Social Determinants: Access to Health Care Services


June 30, 2020

Addressing social determinants of health - the circumstances in which people are born and live - is a business and moral imperative.

According to research, “access to comprehensive, quality health care services is important for promoting and maintaining health, preventing and managing disease, reducing unnecessary disability and premature death, and achieving health equity.”1 Many people with employer-sponsored health care coverage, face barriers to accessing needed health services for the following reasons:1

  • Lack of or inadequate health insurance;
  • High cost of care;
  • Inconvenient or unreliable transportation;
  • Physician shortages; and
  • Limited availability of health care services due to their geographic location. 

In some countries, access is also affected by whether a person receives coverage through the private or public health system. These barriers can lead to unmet health needs, delays in receiving appropriate care, the inability to get preventive services, financial burdens and preventable hospitalizations.1

Although many of your employees may have health insurance, it’s important to note that coverage does not remove every barrier to care. Studies show that even when people have coverage, the cost of health care services and medications influences their decisions about whether to obtain care. In 2018, about half of individuals with employer-sponsored insurance in the U.S. said that they or a family member skipped or postponed getting health care or prescription drugs in the past 12 months because of cost.2 This happens even more among employees with higher deductibles; 6 in 10 of those with a deductible of at least $1,500 for an individual or $3,000 for a family say they skipped or postponed care.2

Among adults with employer-sponsored health insurance, in 2018, 28% were underinsured. Underinsurance “refers to adults who were insured all year but experienced one of the following:6

  • Out-of-pocket costs, excluding premiums, equaled 10% or more of income;
  • Out-of-pocket costs, excluding premiums, equaled 5% or more of income if low income (<200% of poverty); or
  • Deductibles equaled 5% or more of income.
  • Outside of the U.S., employer-sponsored health plans help pay for services not typically covered by a country’s national health plan, like dental and vision care.7 Although it provides quicker access to elective care and private providers, some people still experience high out-of-pocket costs for care.7

Additionally, where employees live can affect access to primary care doctors and specialists – including mental health providers – as many people living in rural areas experience difficulties receiving timely care due to physician shortages and greater distances to health care facilities.1,3 

Access to health care due to location and physician shortages is a particular concern for some underdeveloped countries and in rural areas of developed ones. In Nigeria, for example, only about 20% of government primary health care facilities are fully functional, and there is a scarcity of experienced doctors in the public system.4 And in India, bottlenecks in accessing health care services in the public sector cause some households to seek private care, which results in high out-of-pocket costs.5 Even when private insurance is available to employees, they may still not be able to access needed care because of strained health care systems. 
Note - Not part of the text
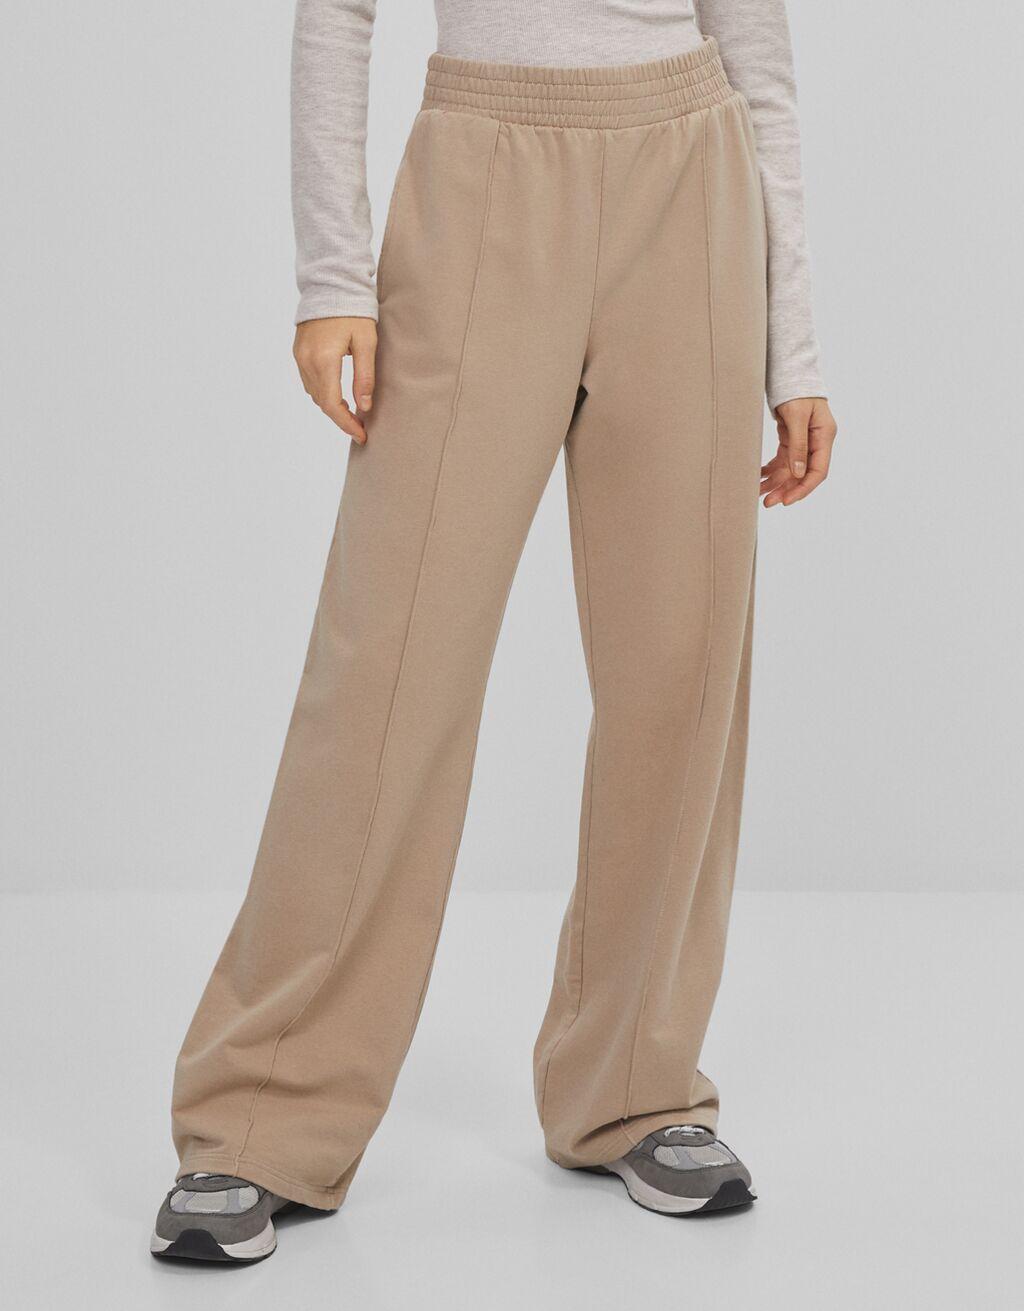 Pantalón wide leg lavado
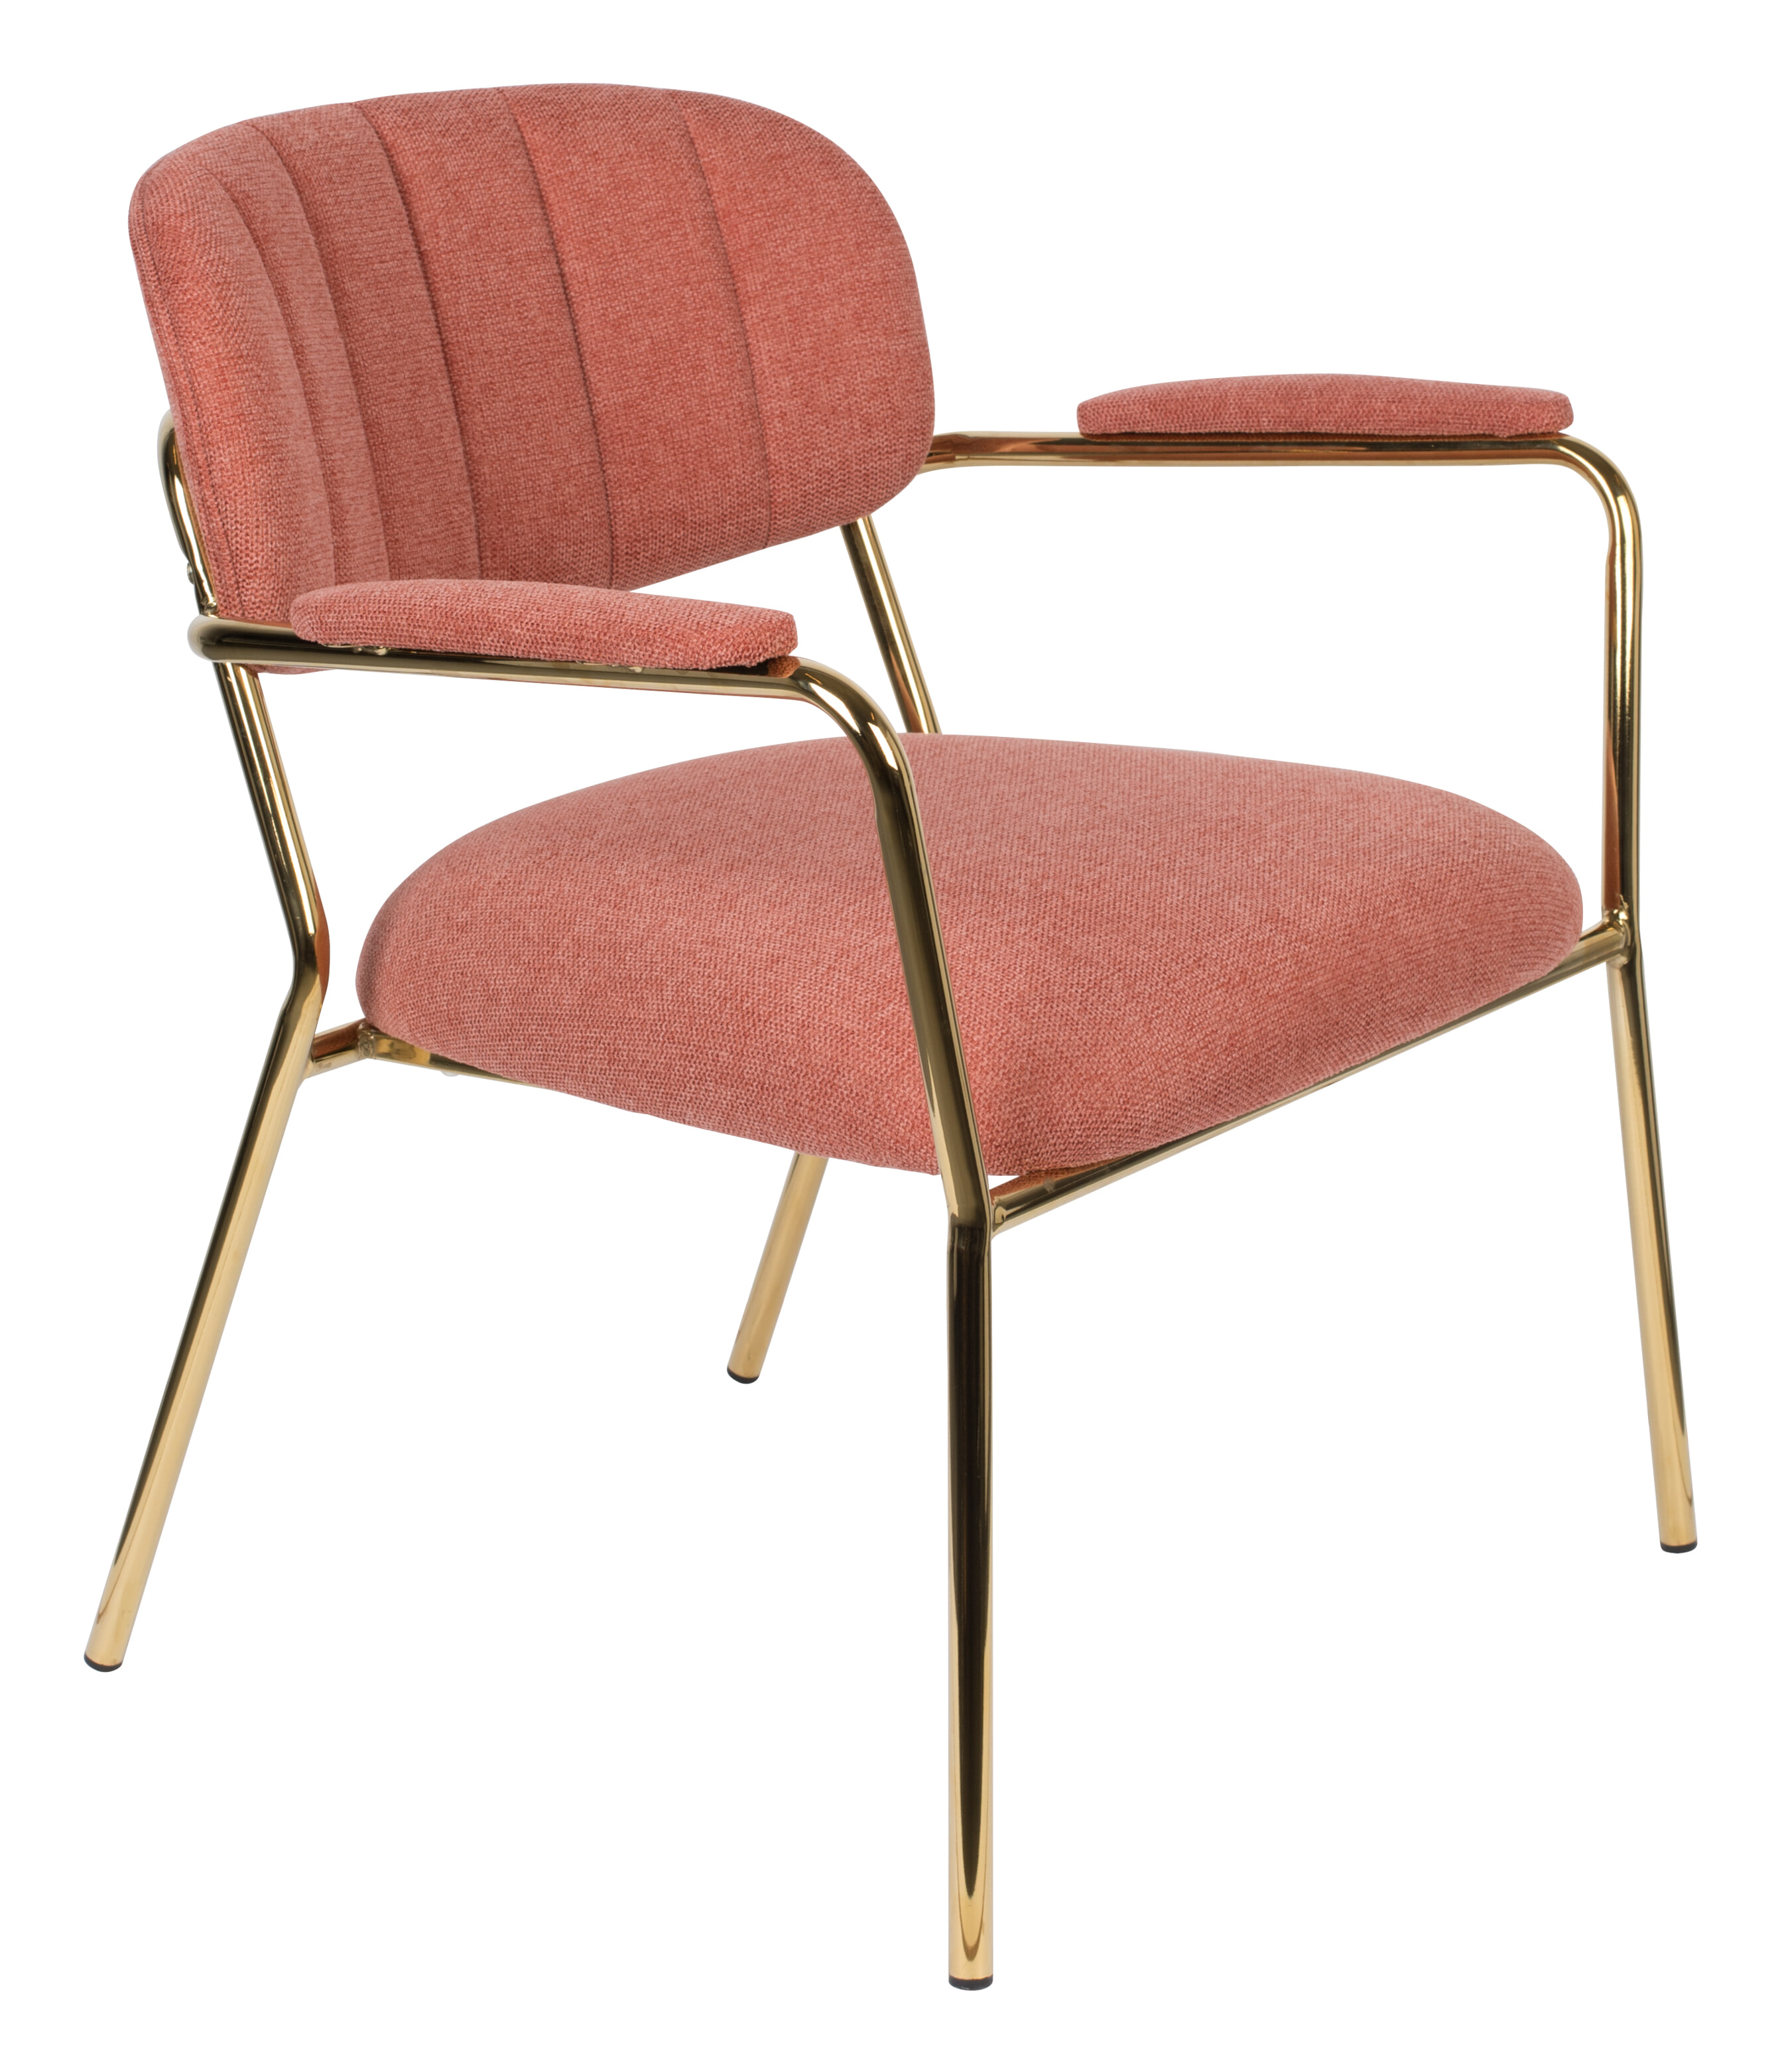 ZILT Fauteuil 'Kolten' met armleuning, kleur Goud/Roze

Beyond these barriers, inconvenient or unreliable transportation can interfere with consistent access to health care. This topic is discussed in greater detail in the transportation section. 

Ideas for Action

Employers can improve access to health care by assessing the affordability of health coverage for employees and implementing strategies to mitigate financial barriers to care. Additionally, employers can enact strategies to help employees without reliable transportation get to appointments, as well as ensure that employees and their families living in rural and underdeveloped communities have convenient sources of care. Specific solutions include: 

  • Offering health care coverage to the entire workforce, including part-time employees;
  • Tiering premiums, account contributions and/or deductibles based on salary in order to promote equity across the employee population;
  • Re-introducing choice to your health plan offerings by including options with lower deductibles and coinsurance;
  • Providing expanded services in on- or near-site clinics, including primary care, mental health services and other specialty care;
  • Making available affordable telehealth solutions that offer a range of services, from acute care to mental health;
  • Including providers that accept Medicaid or CHIP in your on- or near-site clinics so that low-income employees and their families can access these convenient sources of care;
  • Covering the costs of travel and lodging for employees and their families utilizing Centers of Excellence;
  • Developing a core minimum benefits philosophy, so that employees have access to the same core services, regardless of their worksite location and local health policies; and
  • Implementing a captive to provide coverage for services that the local insurance market does not typically offer.